Why are these two postierors so different, ?floating point precision, ?scaling issue

Hi

I’m trying to understand why with the following model cumulative_R has a much narrower posterior than cumulative_ncp, given that I would expect them to be identical.

In this model there are two rates, things that vary at rate N and things that vary at rate day;
cumulative_ncp is the sum of the variable delta varying at N.
while cumulative_R is the sum of delta (as in this cut-down version of the model delta = R) varying at day. both are then scaled to the same units.

In my test case where the sum of delta x 86400 is known to be (-)700.
The final value of cumulative_R is 697.7598-701.9972 (5-95% quantile range) while
cumulative_ncp is -689.3504-704.6502.

data {
  int<lower=0> N;
  int<lower=0> N_day;
  int<lower=0> day[N];
  real C[N];
  real kw[N];
  real B[N];
  real hm[N];
  real dhdt[N];
  real Csat[N];
  real dt;
}

parameters {
  real<lower=0> sigma;
  real<lower=0> Cb[N_day];
  real<lower=0> R[N_day];
}

transformed parameters {
  real C_hat[N-1];
  real delta[N-1];

  for(n in 1:N-1){
    delta[n] = 0 - R[day[n]];
    C_hat[n] = (exp(-(dt*(kw[n] + dhdt[n]))/hm[n]) * (dhdt[n] * (Cb[day[n]] * (exp((dt*(kw[n] + dhdt[n]))/hm[n]) - 1) + C[n]) + (delta[n]) * (exp((dt * (kw[n] + dhdt[n]))/hm[n]) - 1) + kw[n] * ( (Csat[n] * ((B[n]) + 1)) * (exp((dt * (kw[n] + dhdt[n]))/hm[n]) - 1) + C[n])))/(kw[n] + dhdt[n]);
  }
}

model {
 sigma ~ normal(0, 1);
 R ~ normal(0, 1);
 Cb ~ normal(200, 10);

 for(n in 2:N){
   C[n] ~ normal(C_hat[n-1], sigma);
 }
}

generated quantities{
  vector[N-1] cumulative_ncp;
  vector[N_day] cumulative_R;

  for(n in 1:N-1){
    cumulative_ncp[n] = (delta[day[n]]); // mmol m-2 s-1
  }
  cumulative_ncp = cumulative_sum(ncp * dt); // mmol m-2 day-1

  for(d in 1:N_day){
    cumulative_R[d] = (R[d]) * 86400; // mmol m-2 day-1
  }
  cumulative_R = cumulative_sum(cumulative_R);
}

I’m not sure I understand which quantities in the posterior you expect to be the same or why.
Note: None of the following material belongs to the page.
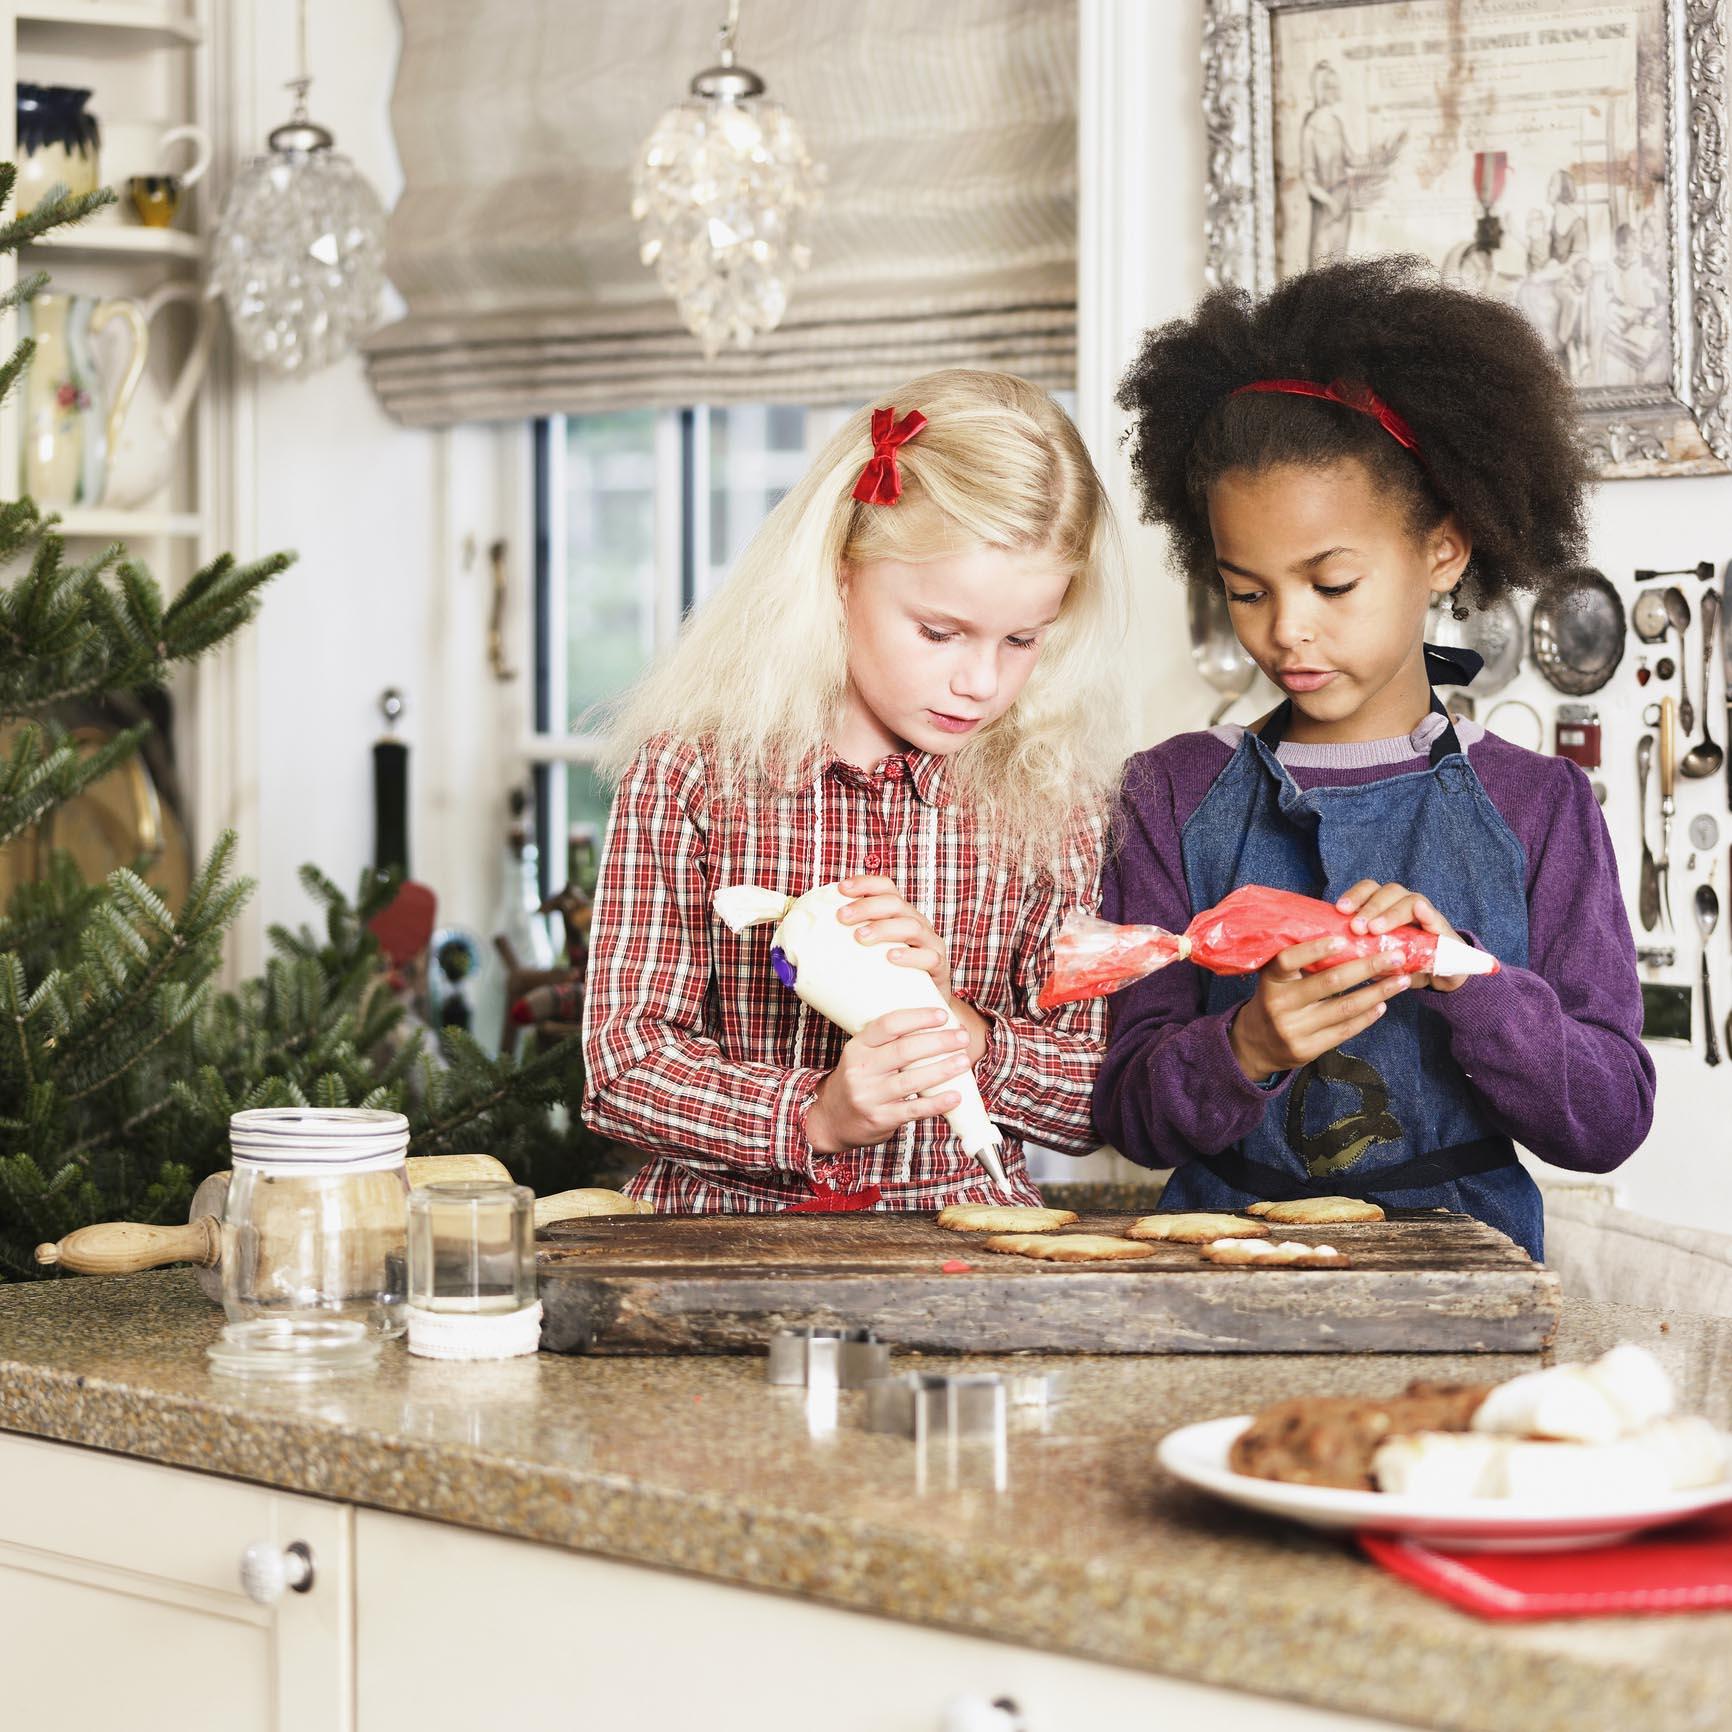 Girls baking Christmas cookies

You have two vector quantities of different lengths, cumulative_ncp and cumulative_R, but you seem to be reporting a single interval. Are you comparing the final entries cumulative_R[N_day] and cumulative_ncp[N - 1]?
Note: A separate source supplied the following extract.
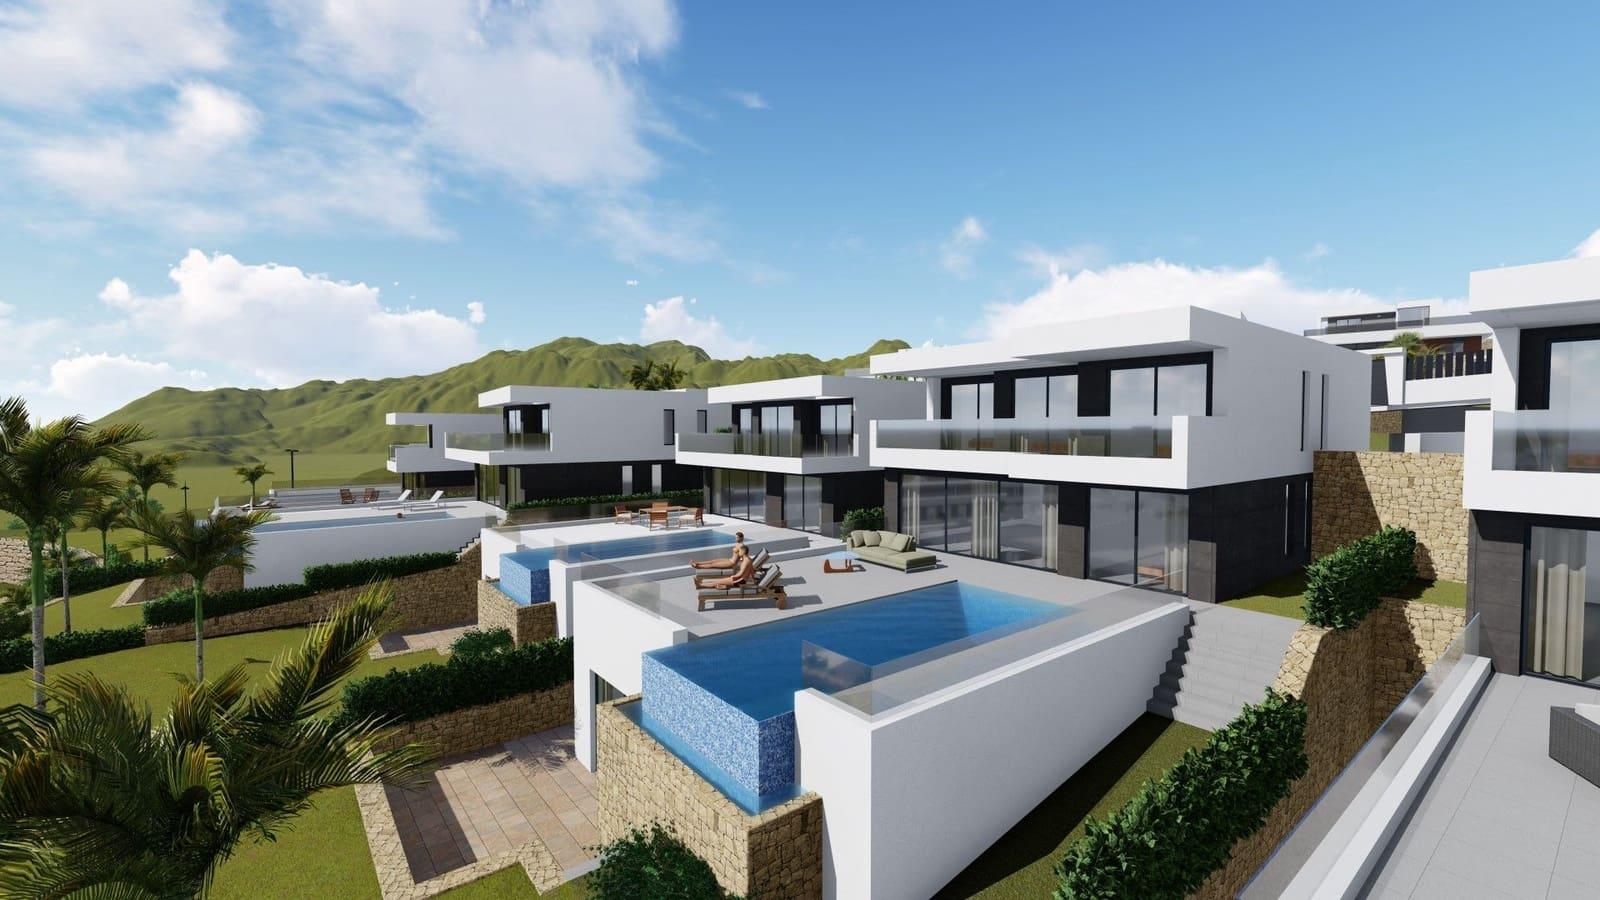 4 bedroom Villa for sale in Finestrat with pool garage - € 680,000 (Ref: 6249903)

Yes, sorry, just the final values, I should have used sum rather than cumulative sum in this example.

That’s much more error than you’d expect from just floating point precision. Are you usre those two quantities you’re computing will be exactly the same?

It should be if I’d coded it correctly. But I haven’t and writing out this explanation has revealed the mistake I’d made.
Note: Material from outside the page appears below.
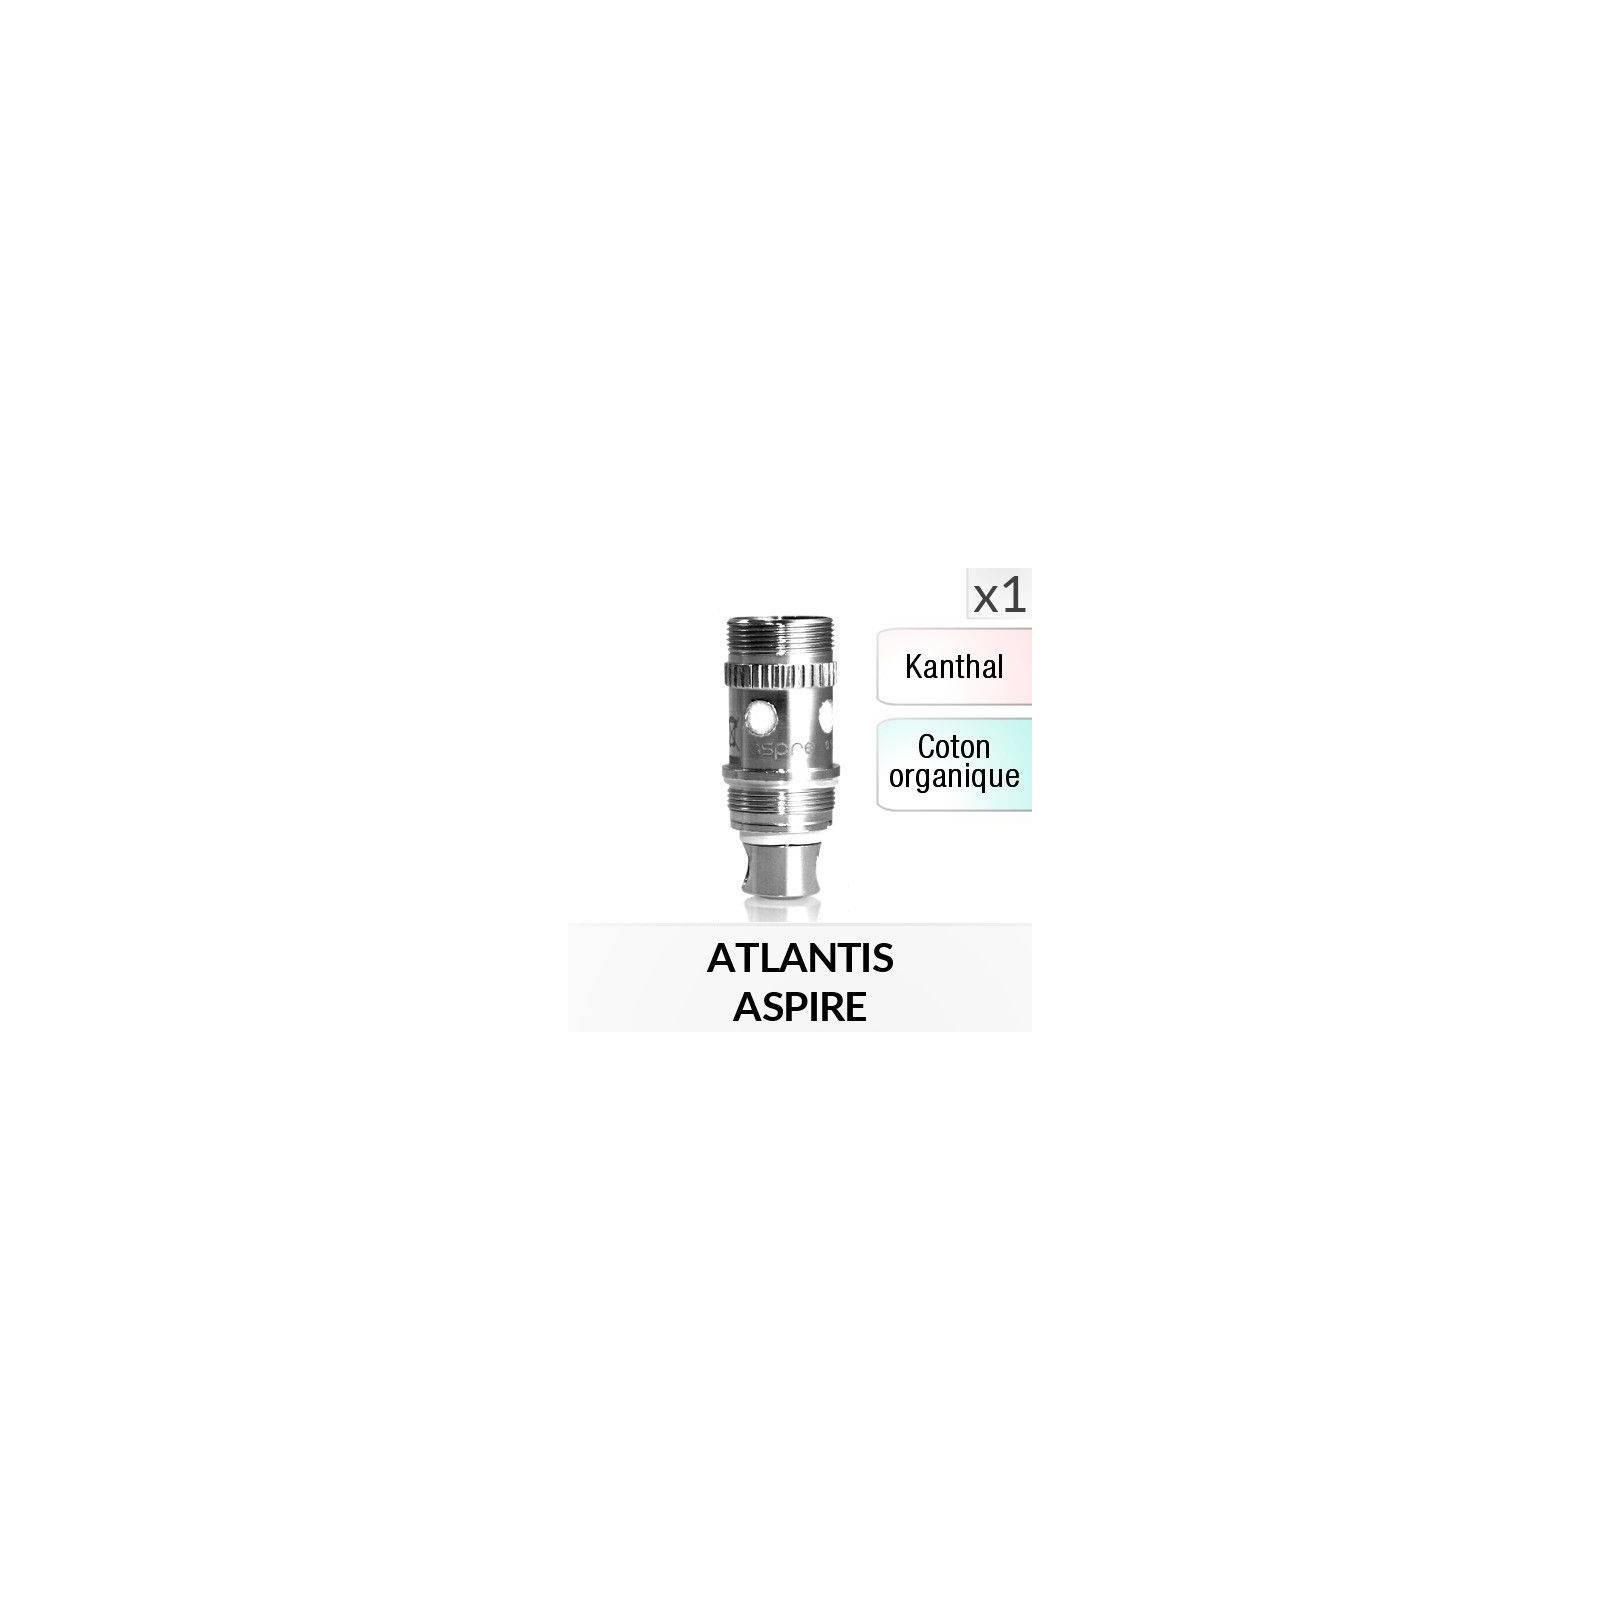 Résistance Atlantis Aspire - 1 pièce - ASPIRE

N has length 336, N_day is 14 and dt is 3600.
There are 24 N for each day

so

for( n in 1:N-1){
    delta[n] = 0 - R[day[n]];
}

should be assigning the same value to delta for each 24 N. i.e. R is constant over a day.

So in the generated quantities block is where I’ve made the mistake:

for(n in 1:N-1{
    ncp[n] = delta[day[n]];
}
cumulative_ncp = cumulative_sum(ncp * dt);

This should assign delta for each n to a new variable, which then gets scaled.

Simply put, it should be:

ncp[n] = delta[n];

Thanks for your time Bob, marking this as solved.